▸ Exercise prompt:
Starting with the line where "L.S. Cutler and" appears, print every line through the end of the entries below exactly as it stands, and leave out the pictures.

▸ Data to process:
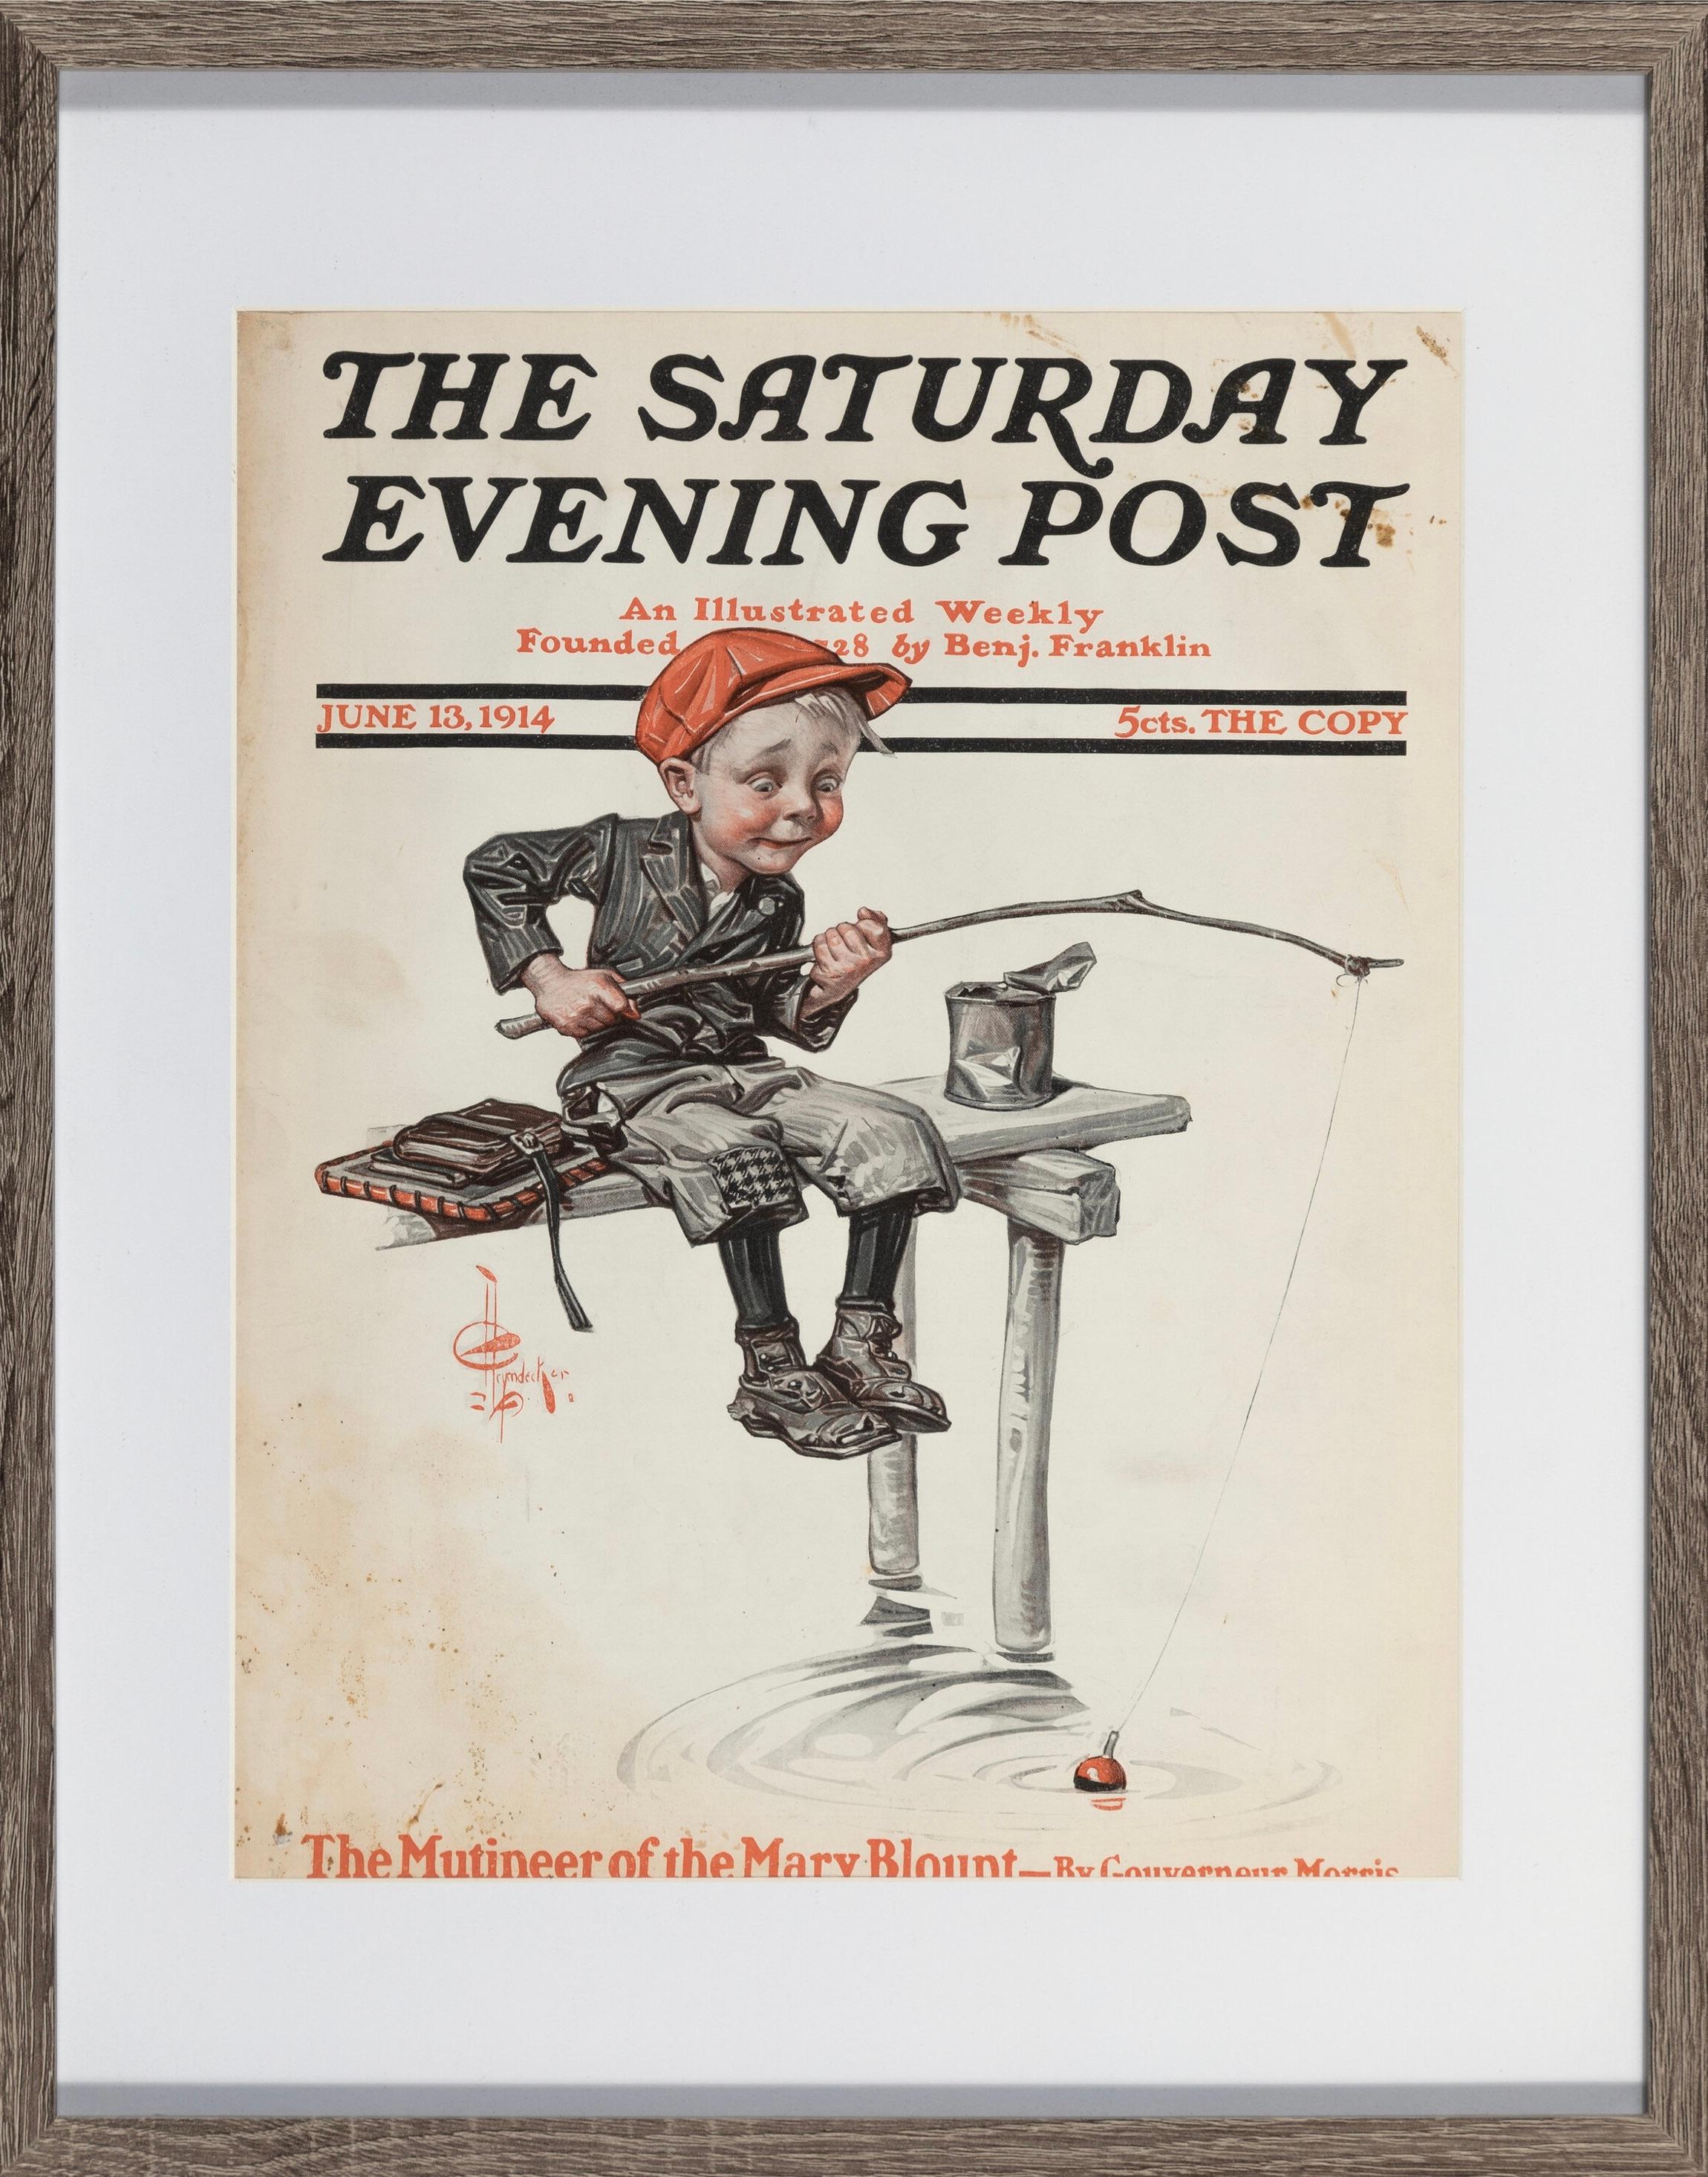 Signed by Artist Signed Lower Center

The Saturday Evening Post cover, June 13, 1914

LITERATURE:
L.S. Cutler and J.G. Cutler, J.C. Leyendecker, American Imagist, New York, 2008, p. 118, illustrated.



A gifted and inimitable draughtsman, Joseph
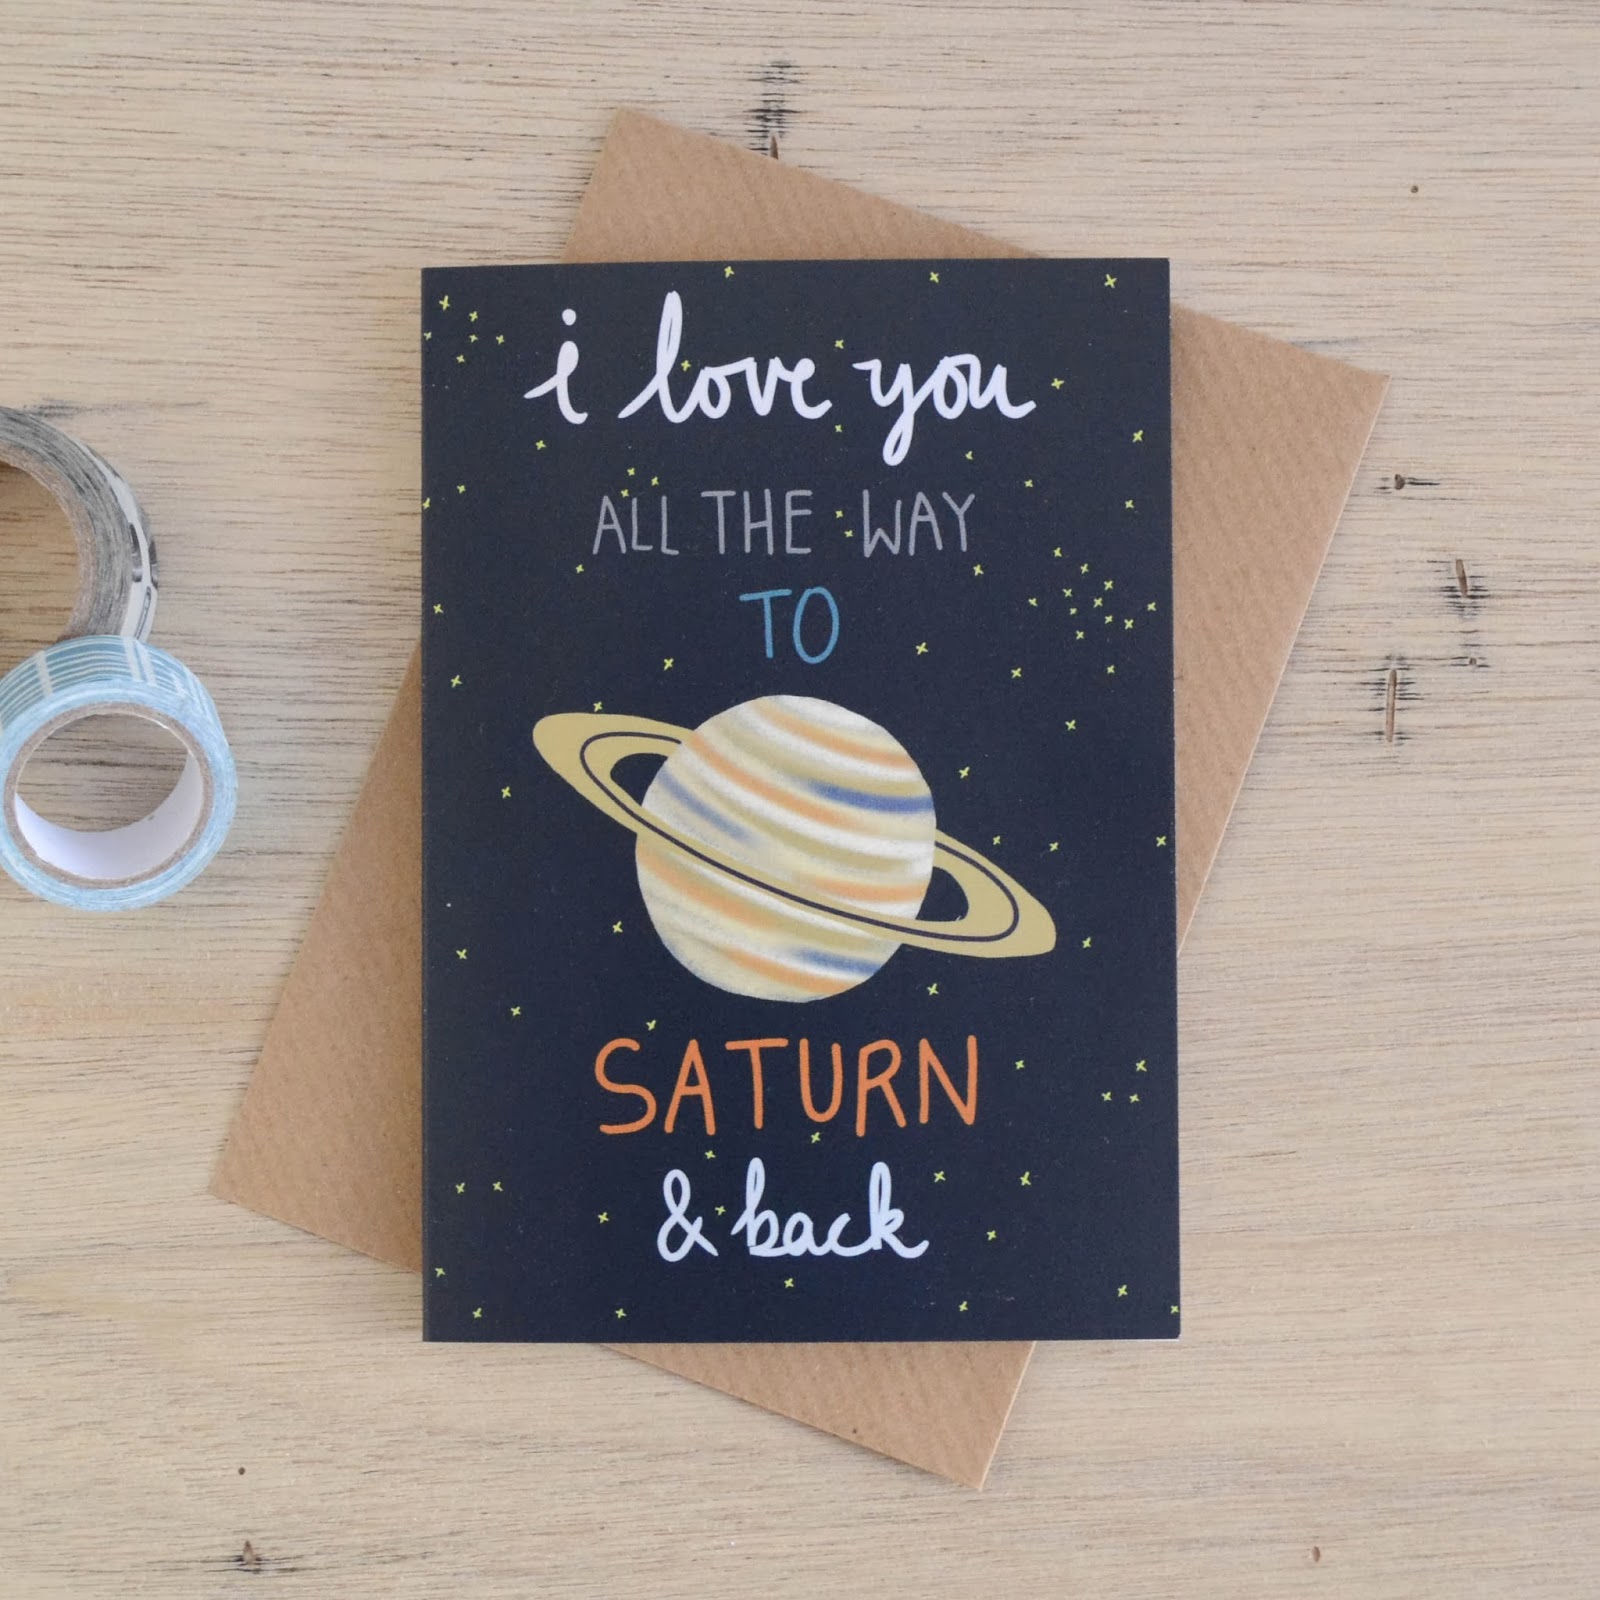 http://folksy.com/items/5725641-I-Love-You-To-Saturn-Back-Card

▸ Written solution:
L.S. Cutler and J.G. Cutler, J.C. Leyendecker, American Imagist, New York, 2008, p. 118, illustrated.



A gifted and inimitable draughtsman, Joseph
 http://folksy.com/items/5725641-I-Love-You-To-Saturn-Back-Card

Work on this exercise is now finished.